Deforestation, which occurs routinely for agricultural purposes, is an excellent example: loss of habitat for native species means they must find new territory, often placing them in close proximity to humans, agricultural animals or other previously foreign species of wildlife, and thus creating new avenues of pathogenic contact. Exposure to modern agricultural centers increases the risk of transmission from wildlife to livestock (and, in turn, to agricultural workers).

There are already many examples of zoonotic illness caused by climate change–driven viral spread:

Hantavirus. First identified in Panama in 1999, hantavirus (estimated mortality rate: 52%) made the jump from infected rats to humans after the rodent population exploded due to increased rainfall and elevated temperatures caused by climate change.

Ebola. The 2014–2016 outbreak of Ebola virus originated in a rural area of Guinea. Extreme deforestation (resulting in an estimated 80% loss of habitat for native wildlife) placed human residents in close contact with native bat species. Patient Zero was a toddler who was inadvertently exposed to guano from infected bats, while playing in a hollow tree.

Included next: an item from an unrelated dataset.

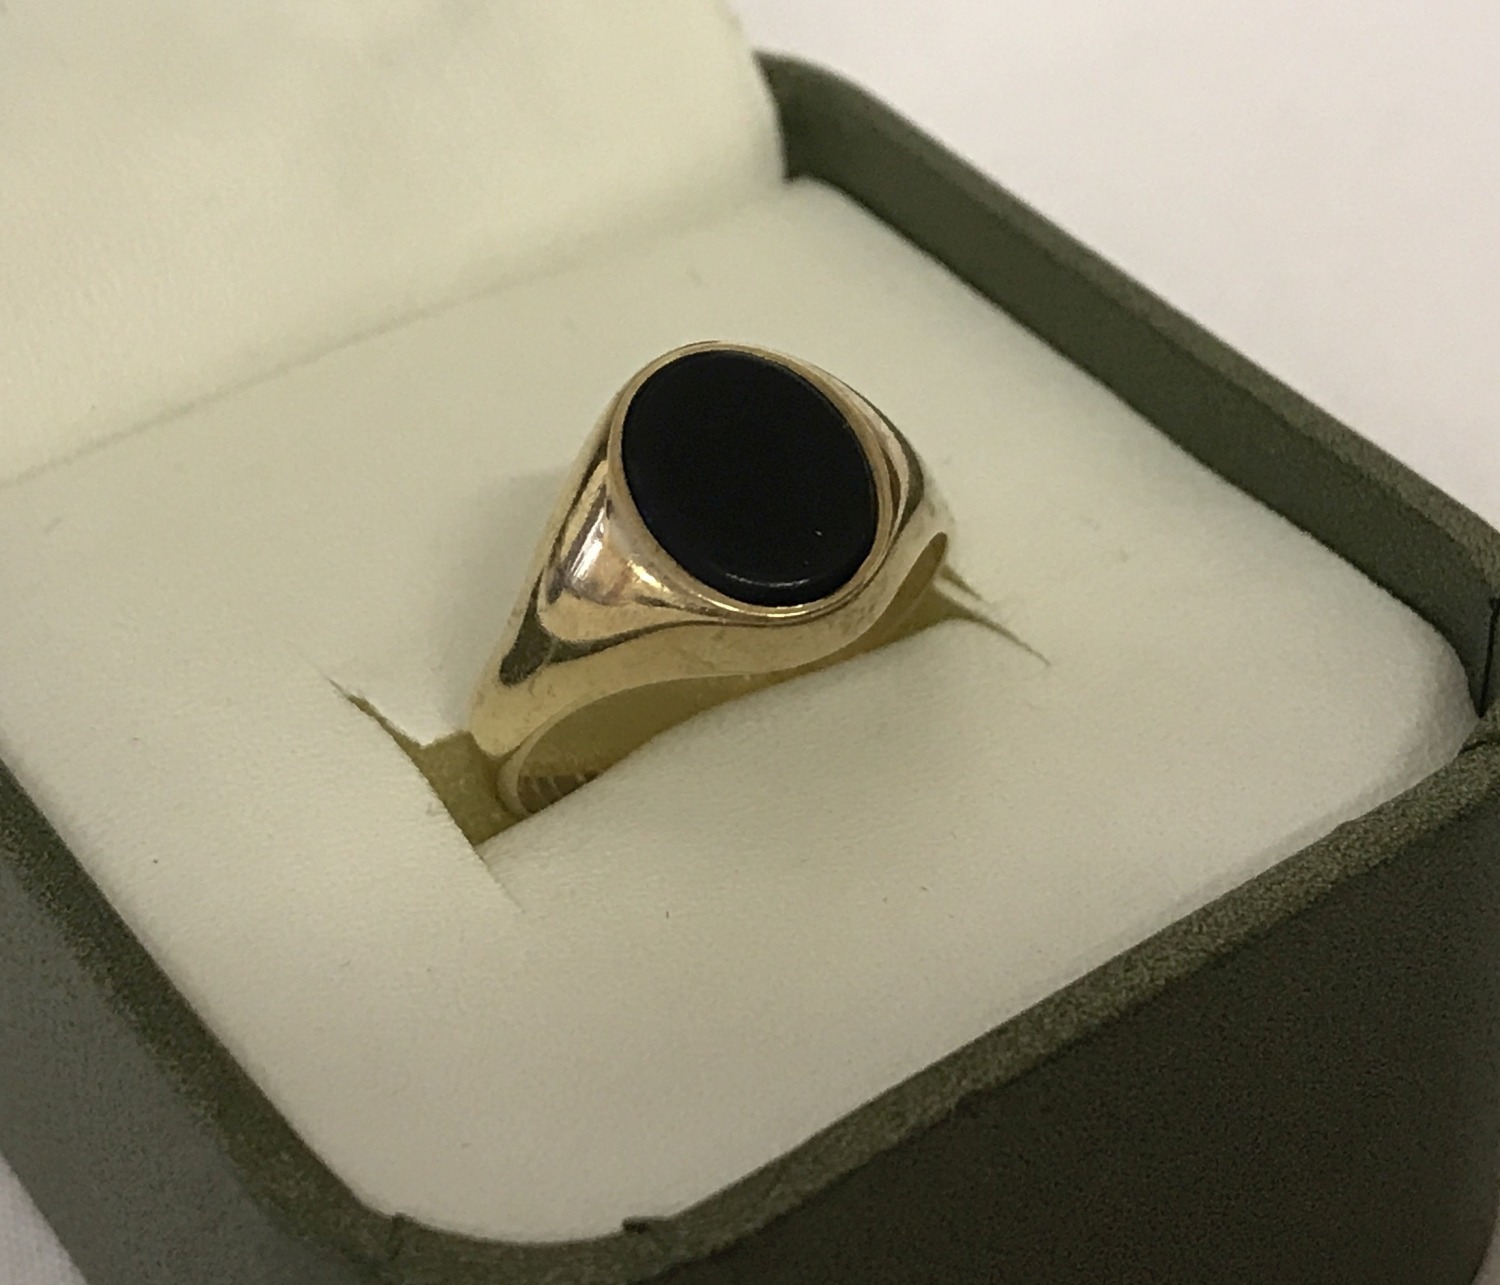 A 9ct gold signet ring set with an oval cut black onyx stone.

Middle East Respiratory Syndrome (MERS). Identified first in the Arabian Peninsula, MERS made the jump from habitat-encroached bats to camels kept for agricultural purposes, before infecting the humans who tended them and consumed their milk. It then spread from rural populations to more urban areas via exposure of healthcare workers to infected individuals, as well as tourists returning to their countries of origin.

SARS-CoV. Illegal trade in endangered wildlife contributed to the viral spread of SARS-CoV in 2004. This virus made the jump from captive civets held for sale as exotic pets to humans, killing approximately one in 10 of those infected.

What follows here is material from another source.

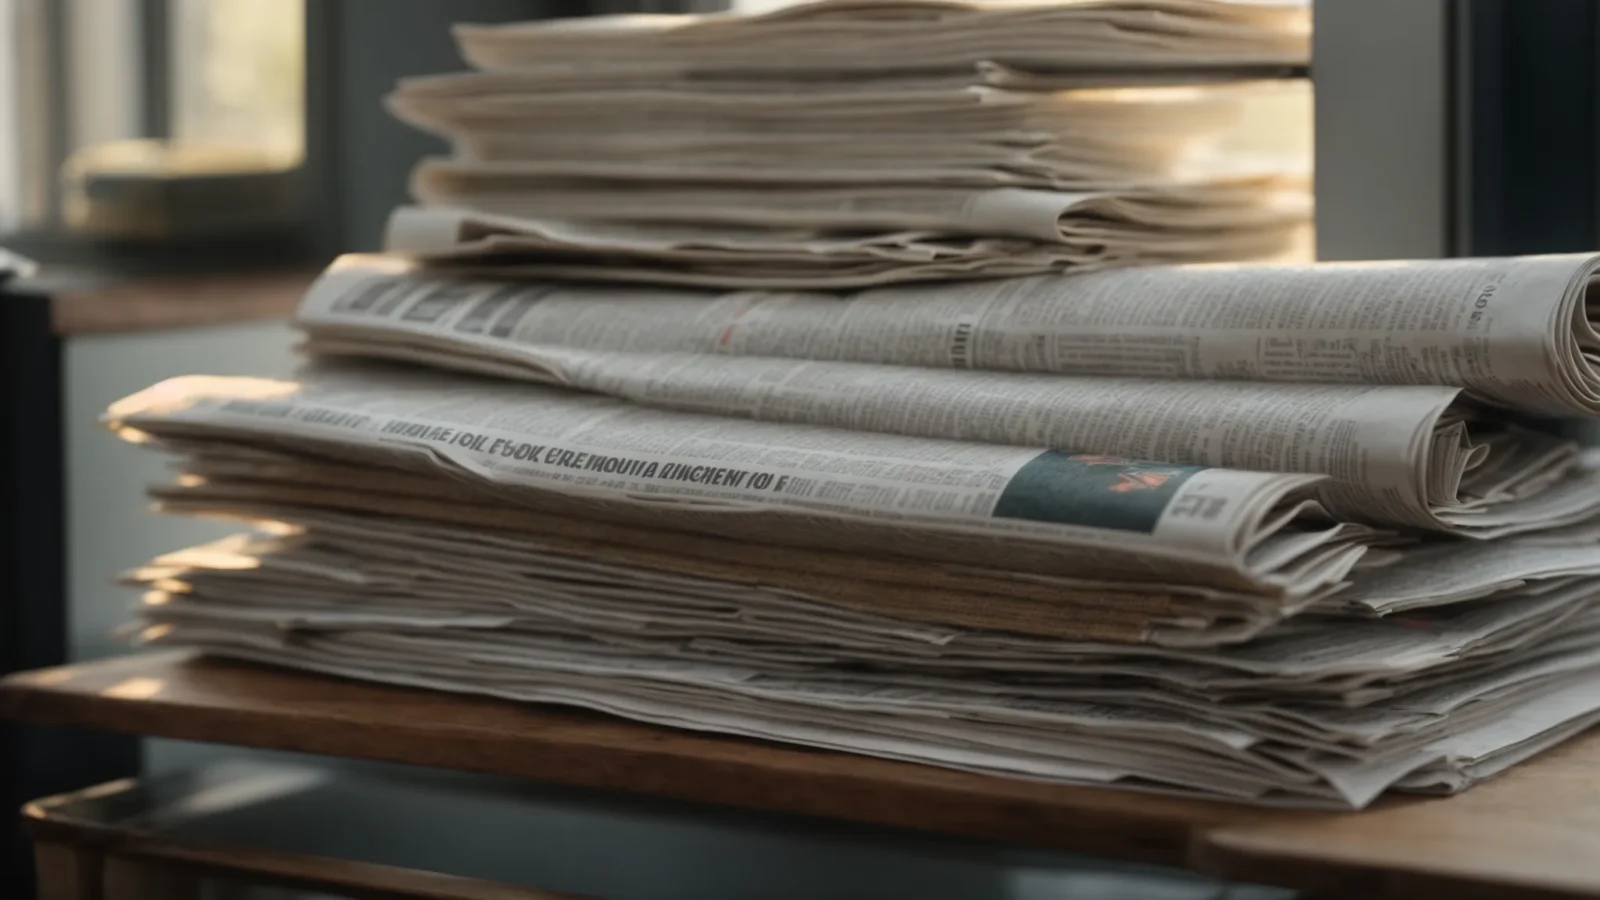 a stack of newspapers sits on a wooden table, illuminated by the soft morning light through a nearby window.

Even SARS-CoV2, the virus that causes COVID-19, has been linked to climate change, with climate-driven loss of habitat resulting in a geographic concentration of bat species known to carry coronavirus. According to researchers at Cambridge University, a concentration of previously separated bat species within certain areas of Southeast Asia led to an increased concentration of coronavirus variants. This, in turn, enabled the zoonotic transmission to humans responsible for the COVID-19 pandemic.

Researchers estimate that 60% of emerging human pathogens are zoonotic diseases arising from contact between humans and animals that is intensified by global climate change. But it doesn’t stop there: human activity is further increasing viral spread by delivering pathogens to new and exotic destinations. This is especially evident in the proliferation of vector-borne illnesses (those carried by mosquitoes, fleas and ticks) in previously unforeseen areas. Outbreaks of dengue fever in New York, Zika in Texas, and West Nile Virus in Florida are prime examples, and experts anticipate that these scenarios will become more common as changes in weather and temperature render carriers more effective over broader ranges.

As erratic changes in weather patterns and temperature become the norm, humans will need to adapt their behavior to survive. Thus far, we have made little global progress in addressing these issues. We must not only do our best to slow the progression of climate change and reverse its ongoing impacts on our environment; we must also make use of all available tools to increase our immunity to zoonotic threats.

This means shifting our approach to zoonotic disease from a reactive stance to a preventive one, drawing on the foundations of current research to develop vaccines and treatments that provide proactive protection against the most likely threats. By recognizing and admitting that the arrival of the next zoonotic disease is merely a matter of time, we can shift our attention and resources to preventing viral spread before it occurs.